German patent application 102010003523.8, a non-prepublished patent, discloses a locking device having an actuator with a latch, wherein the actuator is attached to a housing wall of a first component. A second component has a second housing wall. For locking purposes, the housing wall of the second component is pushed into an opening in the housing wall of the first component. Subsequently, the latch of the actuator is pushed through a hole of the housing wall of the first component and further into a hole or in a recess of the adjacent housing wall of the second component, so as to lock the two components together. In a motor vehicle is of particular importance that the components used are compact, especially as the number of electronic and electrical components in a motor vehicle continues to increase.

It is an object of the invention to be able to provide a compact locking device for a motor vehicle.

To achieve the object, a locking device comprises the features of the first claim. Advantageous embodiments emerge from the subclaims.

With the locking device according to claim 1, the connection between a first component and a second component to be locked. The connection between the two components can be released again after unlocking. The locking device comprises an actuator, which is arranged or attached adjacent to a housing wall of a first component. The locking device comprises a pivotally mounted lever which has a bolt. The lever can be pivoted by means of the actuator. The second component, for example, also has a housing wall. For locking purposes, the housing wall of the second component is pushed into an opening in the housing wall of the first component. Subsequently, the bolt of the lever is pushed by means of the actuator through a hole of the housing wall of the first component and further into a hole or in a recess of the adjacent housing wall of the second component, so as to lock the two components together. Alternatively or additionally, the actuator is used to move the bolt out of the locking position. The two components can then be released again only when the bolt has been moved back by means of the actuator. The movement of the bolt by means of the actuator can be done directly or indirectly. Becomes the bolt is moved directly by means of the actuator, a force generated by the actuator is transmitted to the bolt. If the bolt is indirectly moved by means of the actuator, then the force used to move the bolt is not from the actuator but, for example, from a preloaded spring. The actuator then allows, for example, by moving a bolt of the actuator only the desired movement of the bolt.

An actuator usually has an elongated shape. A bolt of such an actuator can in principle be moved parallel to this elongated shape between a moving out of the housing of the actuator out position and a moving into the housing position back and forth. If such a bolt is used for locking the two aforementioned components, the result is usually a relatively elongated and thus less compact form, which is formed by the first component and the actuator disposed thereon. Such an elongated shape can be avoided by providing the lever with the bolt. It is then possible to arrange an actuator rotated by 90 ° in comparison to the elongated design, which allows a more compact shape, ie a more compact installation space. This advantage justifies providing an additional component in the form of a lever together with bolts.
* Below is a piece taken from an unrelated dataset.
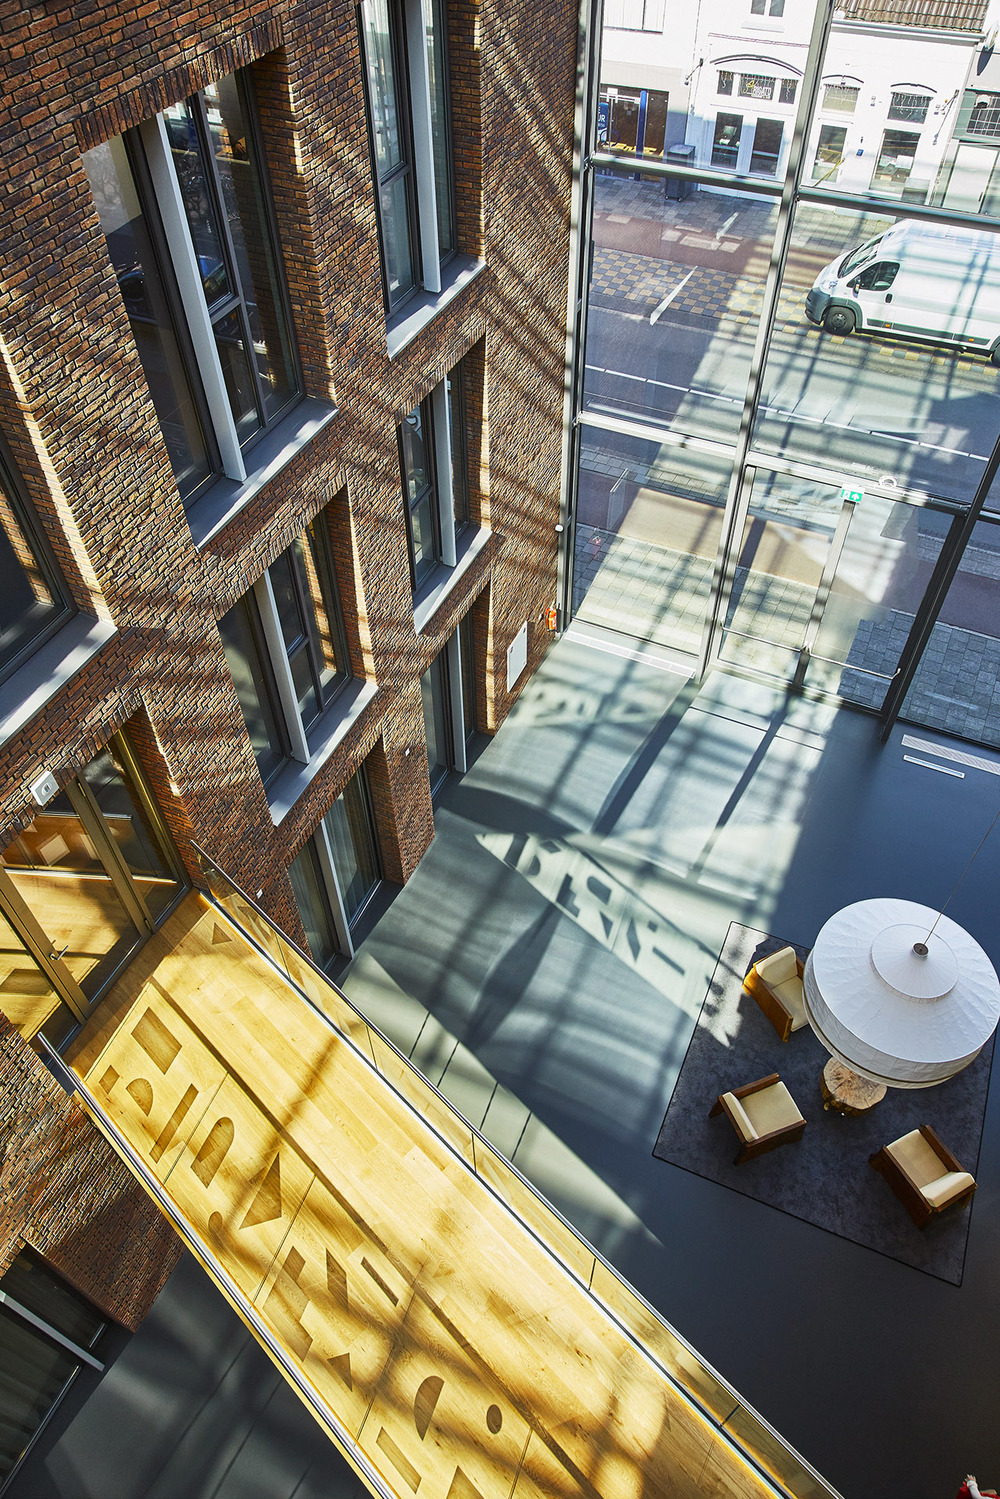 Woonbedrijf Eindhoven, interior design by Van Eijk & Van der Lubbe, photo: Rene van der Hulst i.s.m. Studio Boot

For locking the two components, more than one bolt may be provided. For example, two bolts may be mounted on the lever, which are moved indirectly or directly by the actuator to lock and / or unlock the two components together. At least one component is in one embodiment part of a motor vehicle and in particular the first component with the housing wall together with the adjoining actuator. The first component is in particular a charging device such as a Charging socket. The second component is then a charging device of a charging station, for example in the form of a charging plug.

Hereinafter, further advantages and refinements will be made clear with reference to the example charging device of an electric vehicle, that is to say a motor vehicle with an electric drive and a charging device of a charging station.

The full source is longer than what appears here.